Tom Noguchi is a sweet guy, but on the subject of talc, at least, he’s about as reliable as a two-dollar alarm clock. Talcum powder, also known as talc, is not asbestos, although the two are mineralogically related. (They’re both silicates.) Sometimes talc is contaminated with asbestos, though, and that’s the source of all the problems.
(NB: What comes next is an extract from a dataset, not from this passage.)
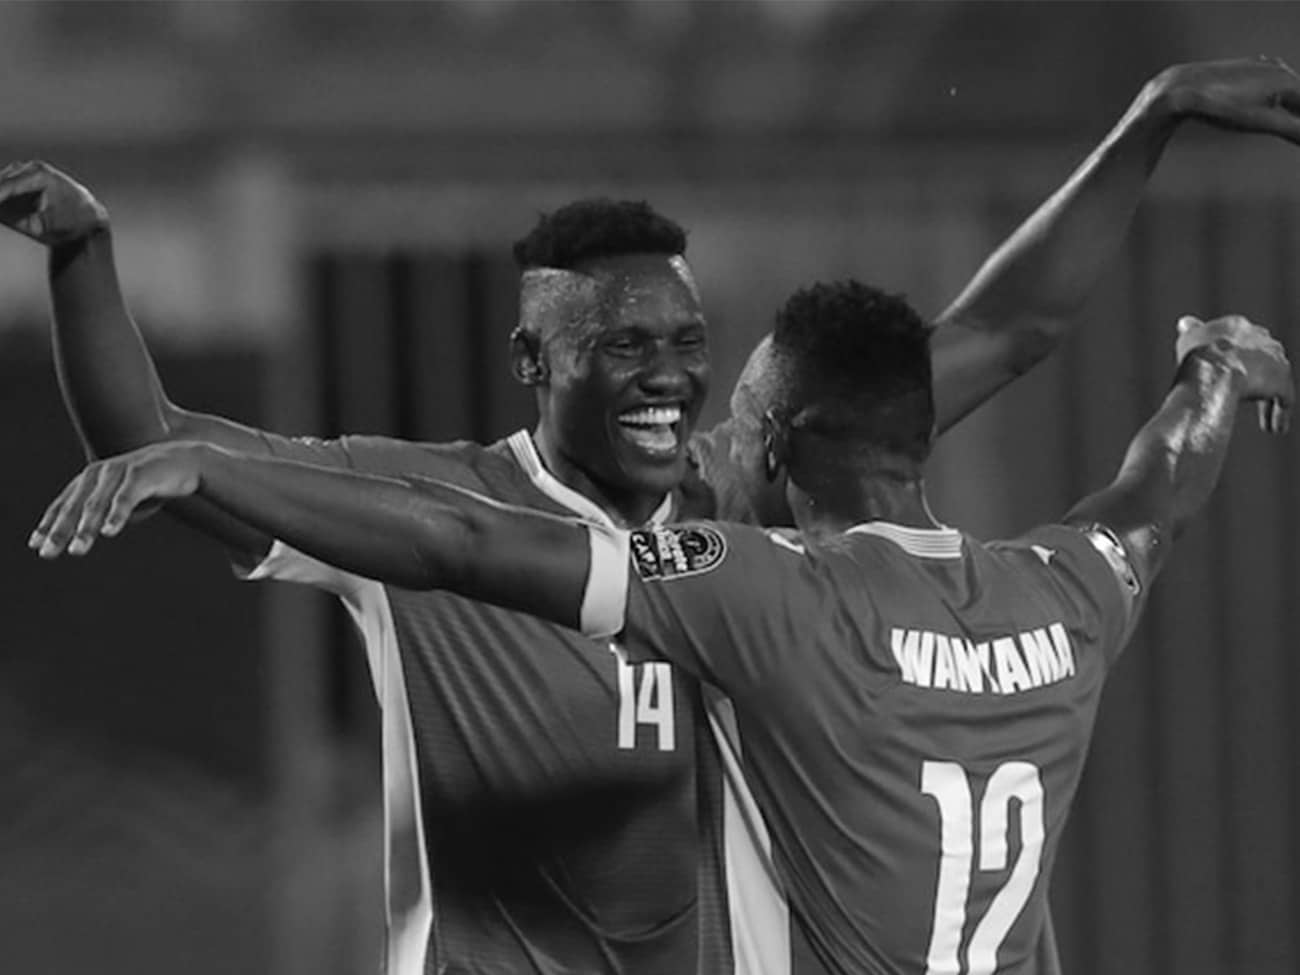 Kenyan Players Celebrating at a Match

What problems, you ask? Try ovarian cancer. For a while it was thought talc itself caused it. A 1982 epidemiological study found that women who dusted talc on the skin near the vagina or on sanitary napkins had one and a half times the normal risk of ovarian cancer. If they dusted it on both places, they had three times the risk. The researchers surmised that the talc worked its way up the reproductive tract to the ovaries and there went about its dirty business. (Baby girls were thought to be less at risk than adults because they were exposed to talc for only a few years and their reproductive tracts were too immature to transport the talc particles.)

A subsequent lab study, however, failed to find any sign that talc was actually transported to the ovaries in this way. In 1987 the cancer research arm of the World Health Organization officially absolved talc of suspicion.

The consensus today is that asbestos contaminants in talc are the real culprit. Asbestos, of course, can cause both cancer and lung disease and is dangerous even in minute amounts. In 1976 the cosmetic makers’ association called upon its members to keep their talc products asbestos-free. Johnson & Johnson says its baby powder never had it, never will, and blames the whole thing on low-class “industrial” (i.e., noncosmetic) talc. If you’d just as soon not take any chances, you’ll have to be careful; talc can be found in a variety of consumer products, including dusting powders, deodorants, chalk, textiles, pills, and soap.